Feature/add vospace file management for canfar SRCnet nodes#83
Feature/add vospace file management for canfar SRCnet nodes#83DrWhatson wants to merge 13 commits into
Conversation
shinybrar
left a comment
There was a problem hiding this comment.
In general @DrWhatson this is great work and I really want to thank you for your contributions to the project.
Here are some general outstanding issues,
-
File
uv.lockhas been deleted, which seems to be either a workaround of merge conflicts or an error, but it needs to be in the package. -
There is a lot of complexity introduced to make a remote server appear to be a posix system. We had lengthy discussions and decided that any reference to remote will require a server identify URI. Here is the general flow,
# Remote file listing
canfar storage ls can:/
canfar storage ls swe:/
canfar storage ls esp:/
canfar storage ls uk-ral:
# Copy will always require a uri for remote, and absolute / referenced path nomenclature for local files
canfar storage cp swe:/path/to/file.py /path/to/file.py
canfar storage rm can:/path/to/file.py
canfar storage rm -R esp:/path/
canfar storage mkdir -p uk-ral:/path/to/new/directory
Except the cp command, all commands should require a prefix URI identifier.
canfar storage mv swe:/path/to/file.py ./file.py should always be a cp -> rm, when doing from local machine to the platform, essentially performing an upload does it delete the local copies?
- I recogonize there needs to be some work down to configure the URI Identifier, e.g.
cavern:/etc., but for now can you add some documentation on how things are configure.

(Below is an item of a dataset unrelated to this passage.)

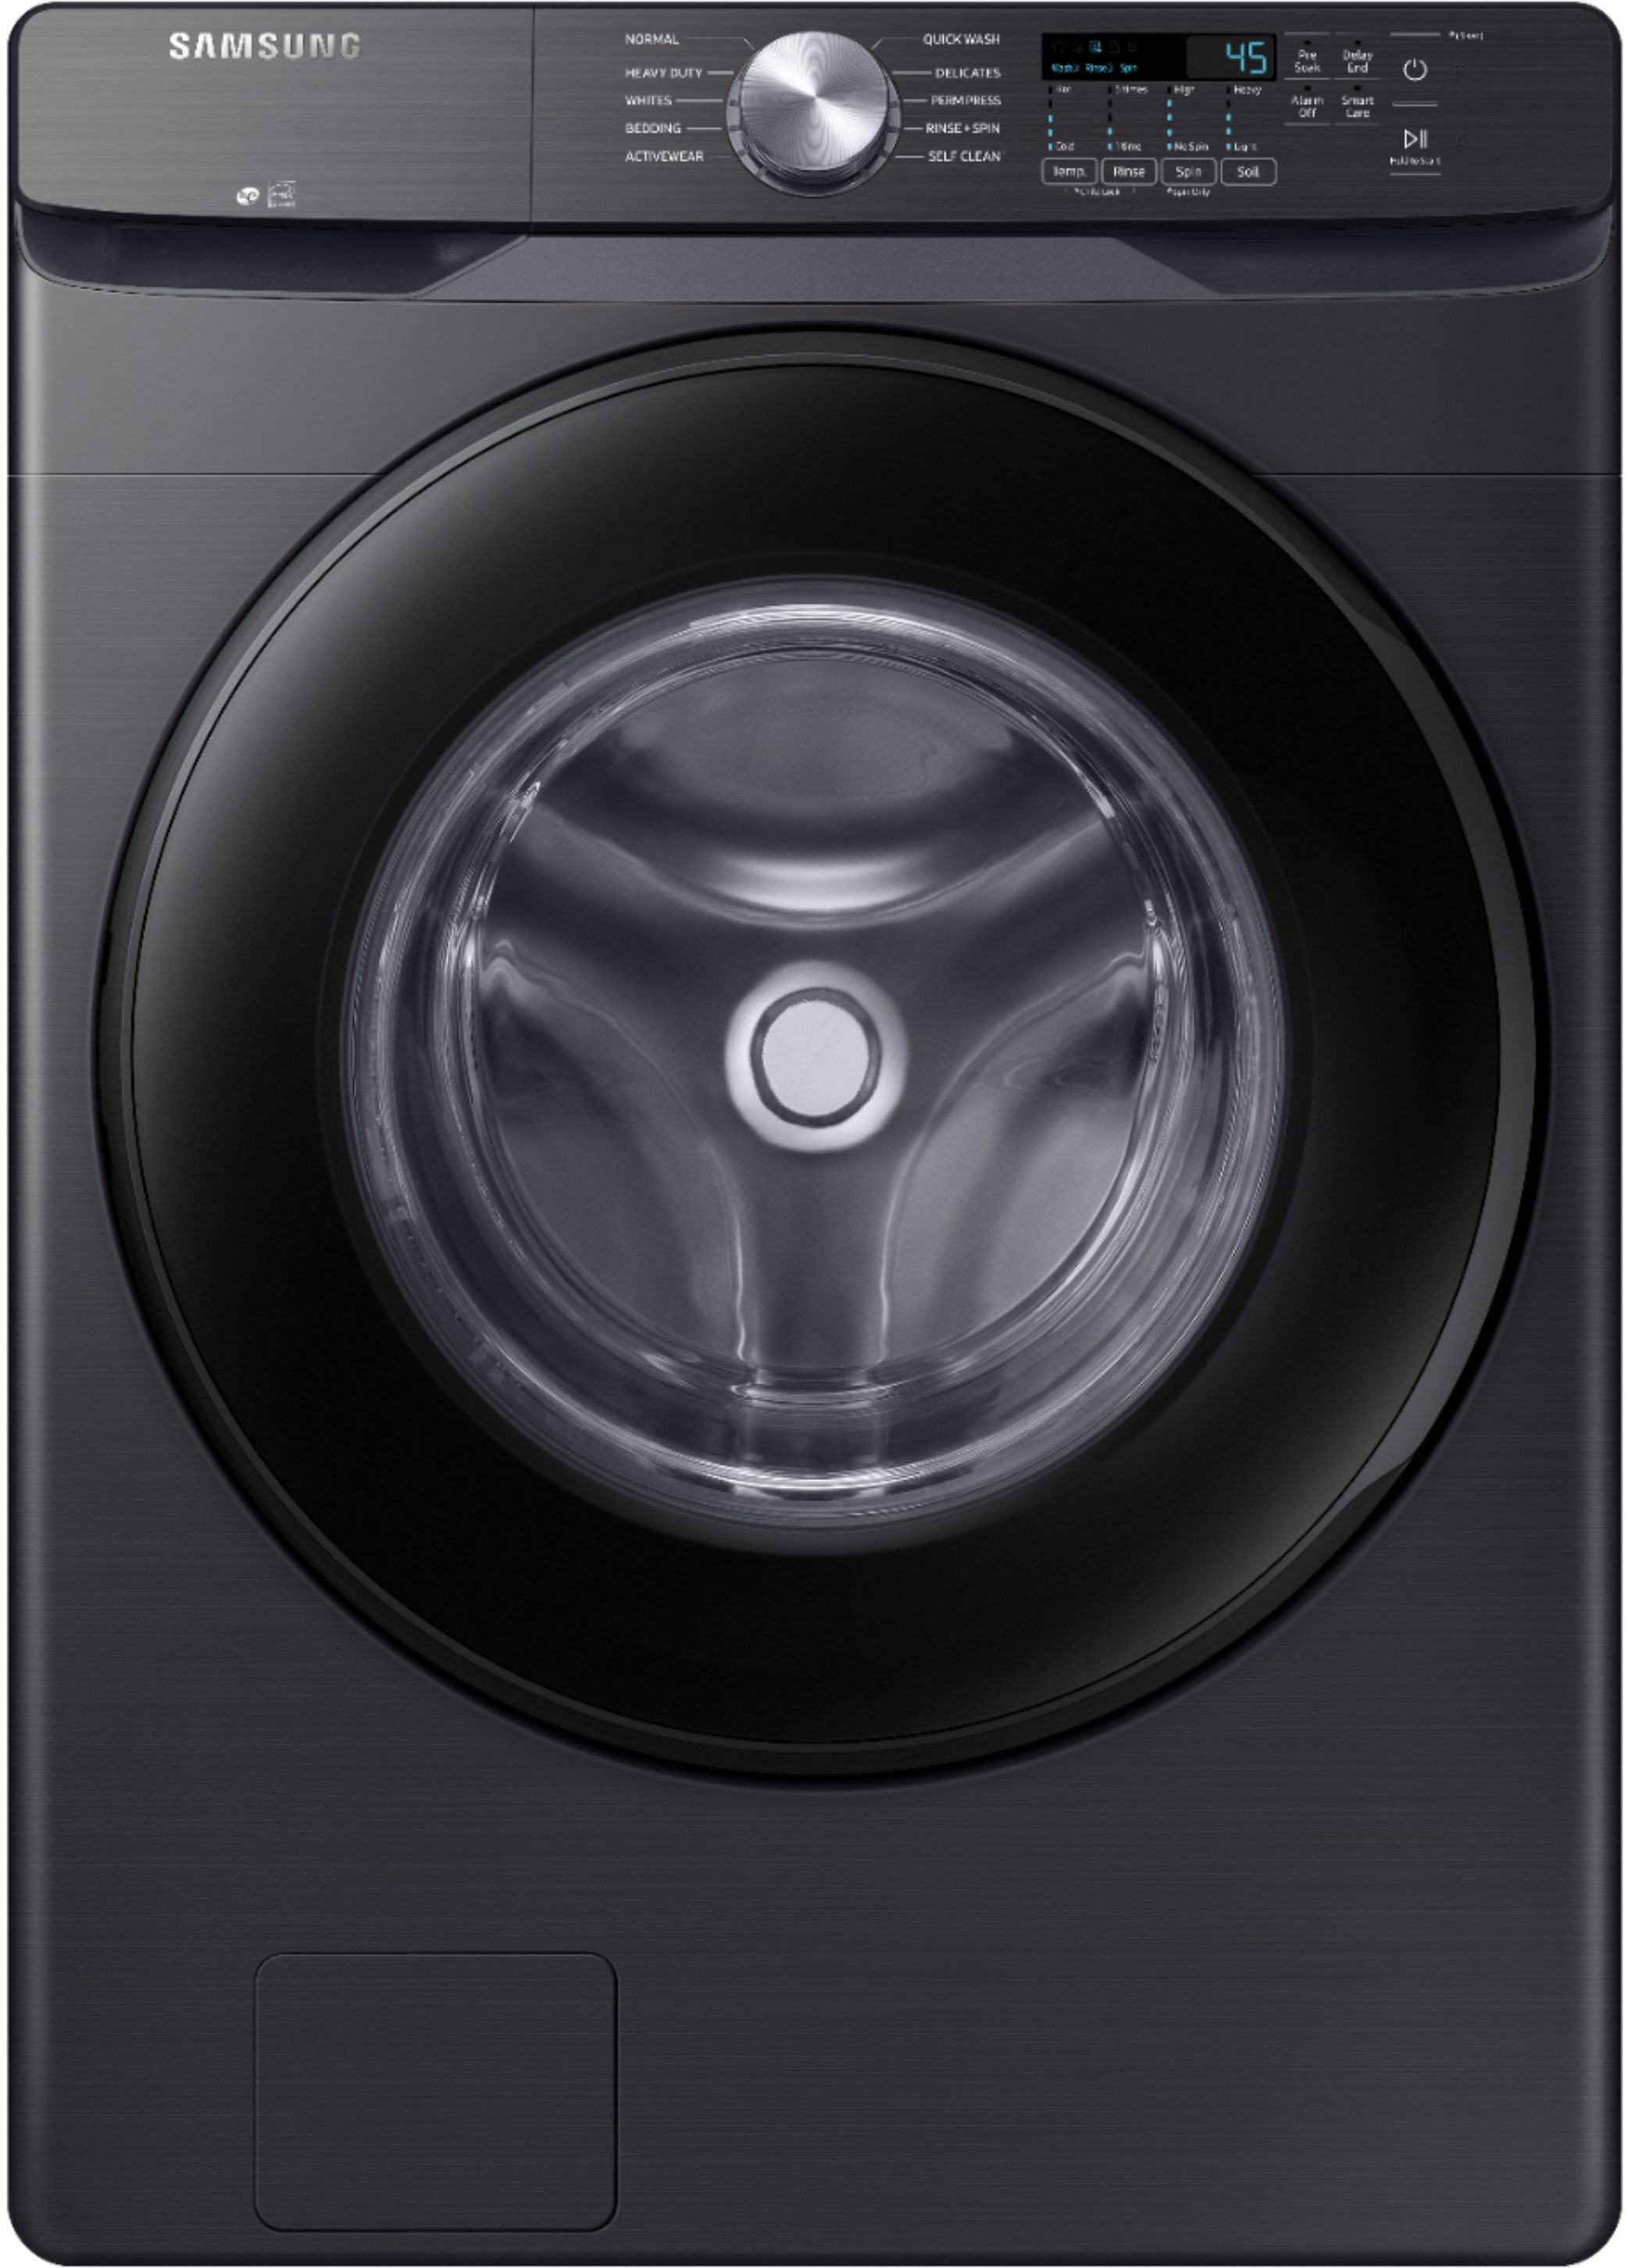 Samsung - 4.5 Cu. Ft. High Efficiency Stackable Smart Front Load Washer with Vibration Reduction Technology+ - Black Stainless Steel

While canfar storage is valuable, but the current implementation is too monolithic and will be expensive to maintain. I recommend convernt the storage CLI into a a package split by command / use case, e.g. under canfar/cli/storage/
- commands.py (Typer Wiring)
- [copy | ls | rm | mkdir | mv].py
- helpers.py for shared logic
- policies.py for retry, include, exclude, cutoff etc.
- types.py for typed models
- adapters.py for performing local FS and VOSpace FS operations.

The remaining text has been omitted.